Okay, so it’s been a while since I posted on here. I missed weeks 7 and 8. I weighed myself those weeks, but for some reason I didn’t actually post about it. I can’t remember why. I guess I haven’t been great at posting on any of my blogs recently.
Previous weight: 284.2
Current weight: 280.2
Weight lost: 4 pounds
I’m pleased with that number. I’m getting better at eating what I’m supposed to. I haven’t been exercising as much as I probably should, but I’m going to be better at that. I did day one of Couch to 5k last week (Wednesday), and my legs hurt for the rest of the week. I’m going to try again tomorrow. I’m going to do it Mondays, Wednesdays, and Fridays. My mother is going to do it with me. I’m hoping it’s not as bad as the first time. I managed to run when I was supposed to, but it was hard work.
I used to be able to run. Not a lot, of course. I was never a runner. But after PE in 9th grade, I could run a mile and a half without stopping. I want to be able to do that again. Hopefully by the end of the summer, I’ll be able to do that again.
I have another goal, a smaller one. I want to read my Goal #2 weight by the end of this month. I’m 7 pounds in a month. That shouldn’t be that difficult to do if I stick with what I’m supposed to do. I’ve been hesitant to attach dates to my goals, but maybe if I only focus on small goals it’ll be okay.
I’ve been reading through previous weight loss journals of mine, and it’s rather depressing. I’m 7 pounds lighter than I was this time last year, which is better than being 7 pounds heavier, but it’s still sort of upsetting. One of my goals was to reach my goal weight by my 24th birthday. My new goal is to be 273 by then (as my birthday is at the end of June). I wanted to lose 55 pounds last year. Instead, I gained weight. Whenever I set an end goal for weight loss, I fail. I’m sure it’s not the goal that causes me to fail, but it’s still something that doesn’t seem to help.

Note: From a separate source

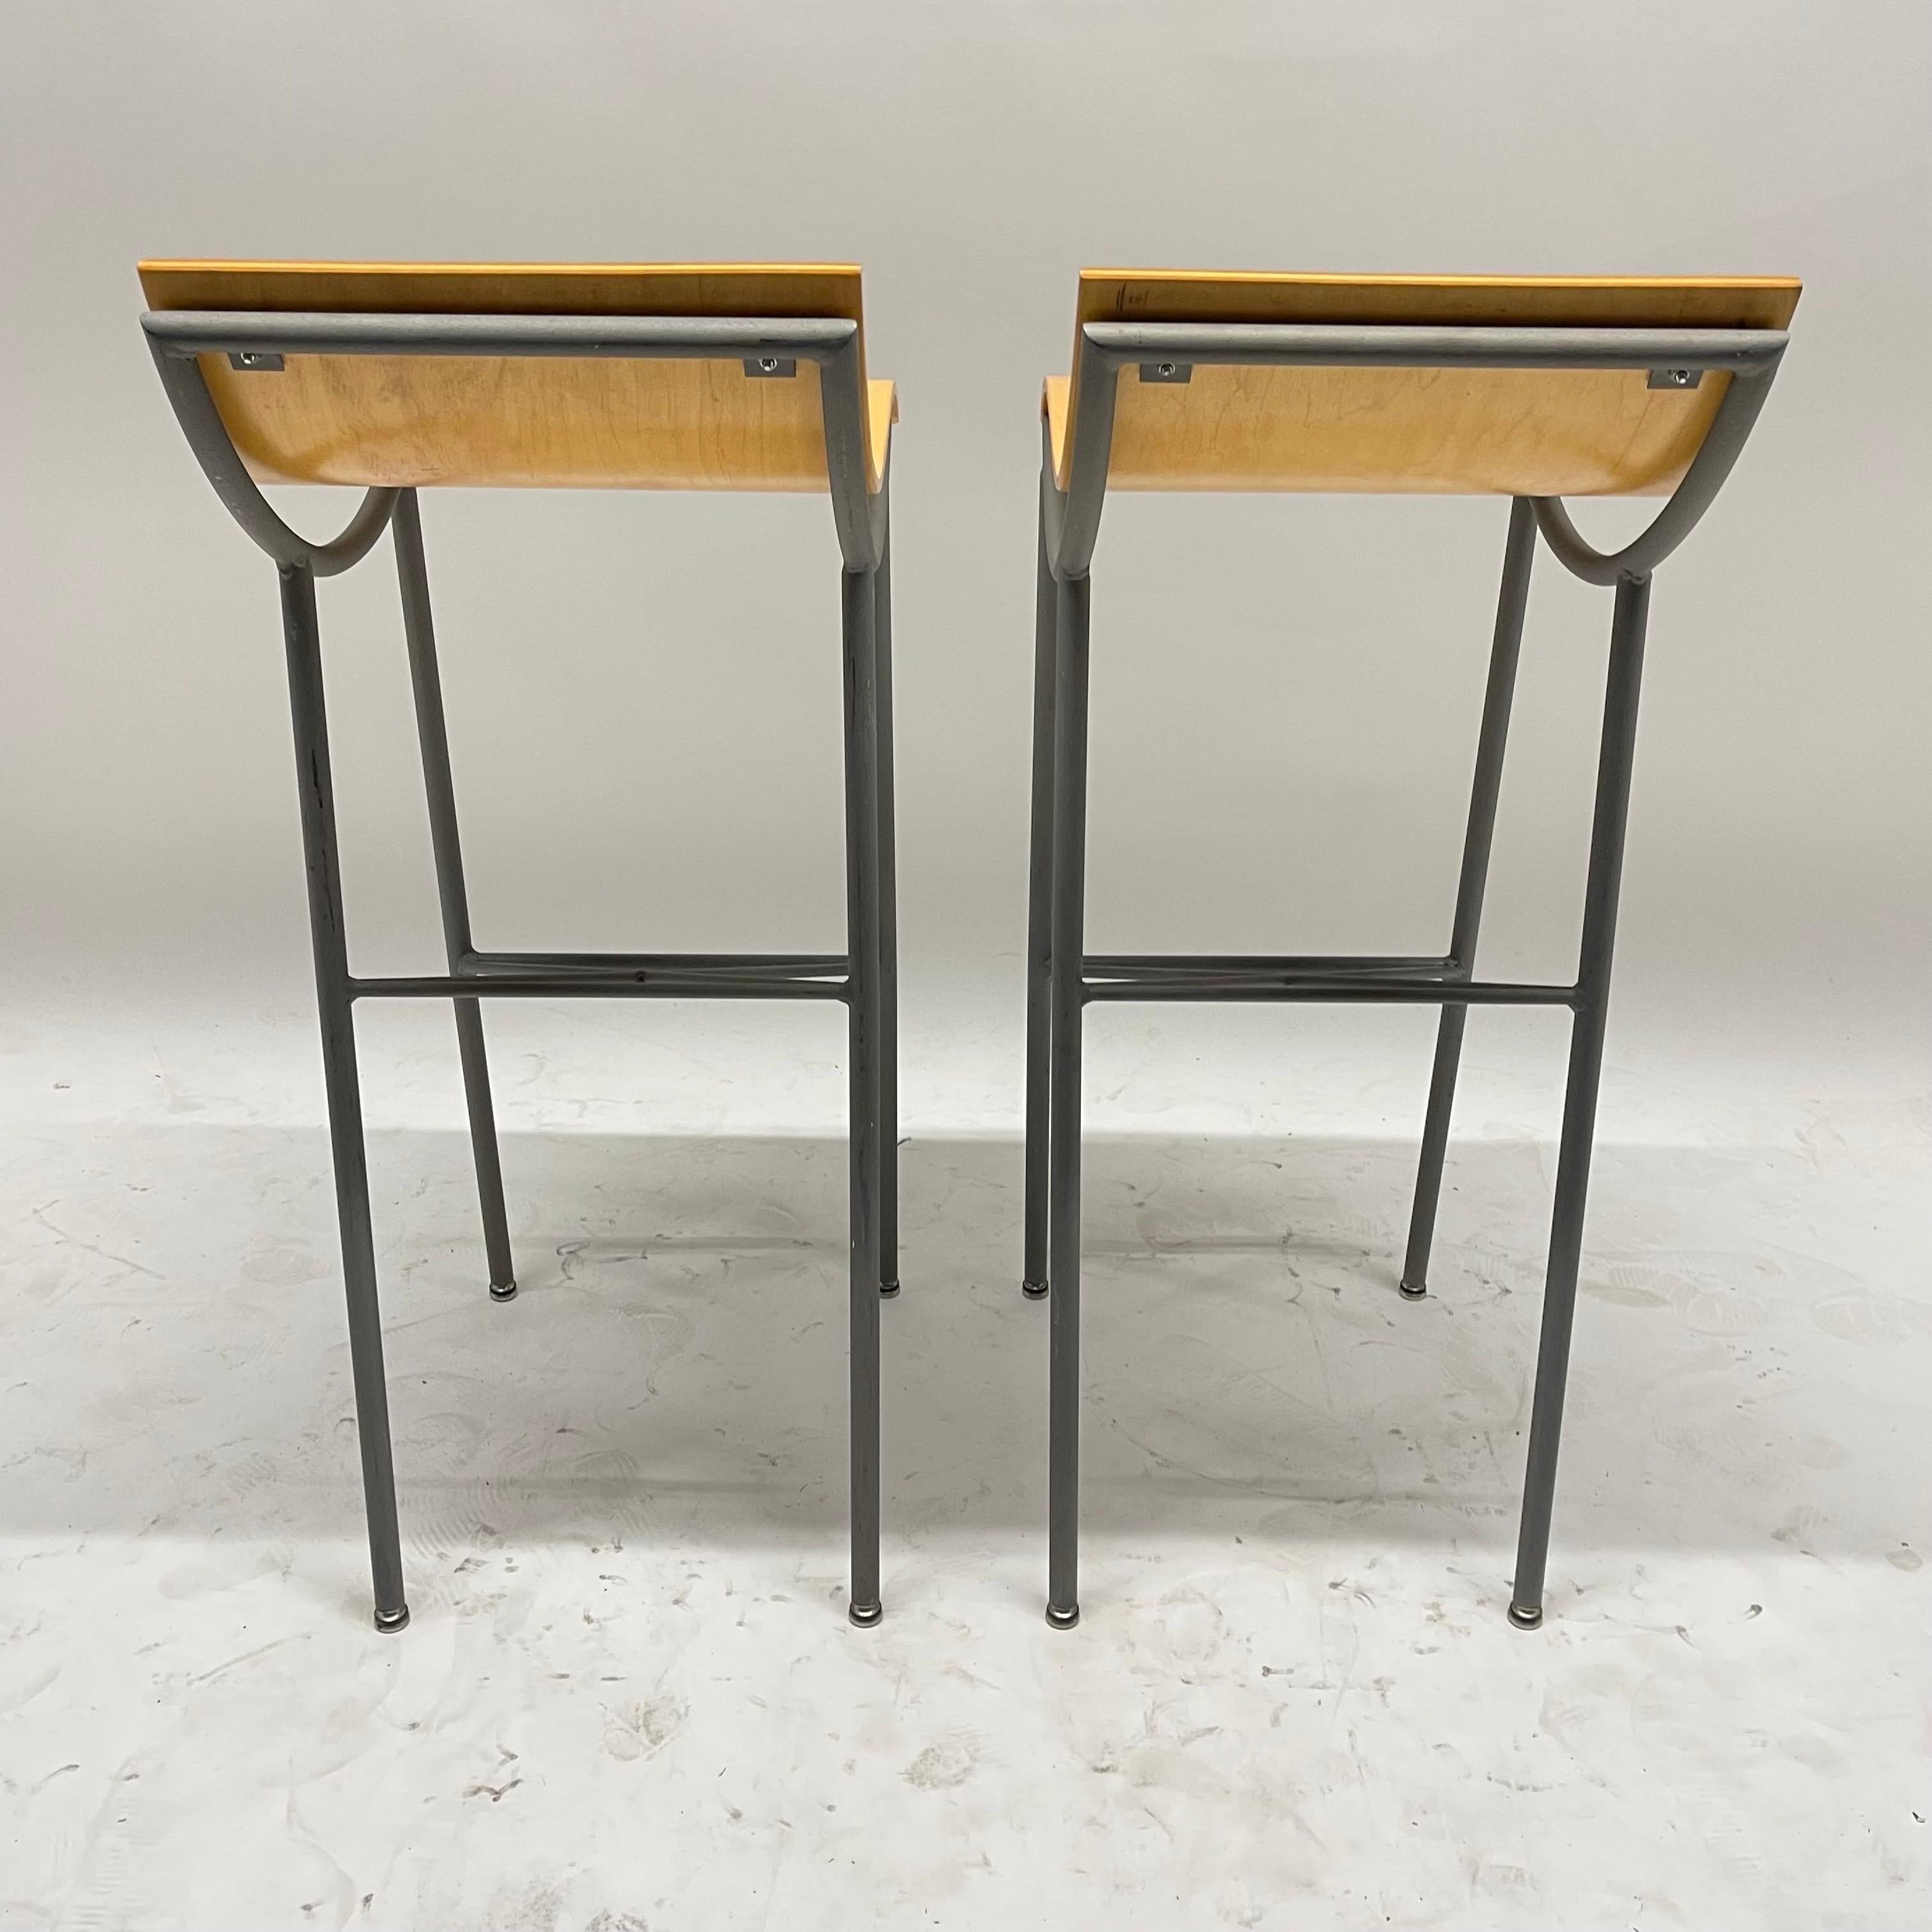 Pair of Post Modern Sculptural Steel and Bent Plywood Bar Stools, circa 1980s In Good Condition For Sale In Miami, FL

This time, though, I’m taking things slower. I’m not trying to hurry up and lose weight as fast as possible. I don’t beat myself up if I go over my calories one day, or if I forget/get to lazy to track. If I have a bad week, I don’t get discouraged and give up. I think that’s the attitude I needed to have all along. That’s not to say that I’m not really trying, but I’m not obsessing. I’m working on making healthier choices. I focus on what I’m learning along the way. I celebrate good choices and try not to make bad choices.
I think I’ve found something that works for me. I may not be losing as much weight right away as I have with past diets, but those diets have obviously not worked, so I’m okay with that. Slow and steady wins the race, right?
Also, my boyfriend’s mother said that I looked like I had lost weight in the stomach region. That was nice to hear. I know I’ve been feeling better, and I can fit into smaller clothes, but it’s nice to know that other people can see a difference, too.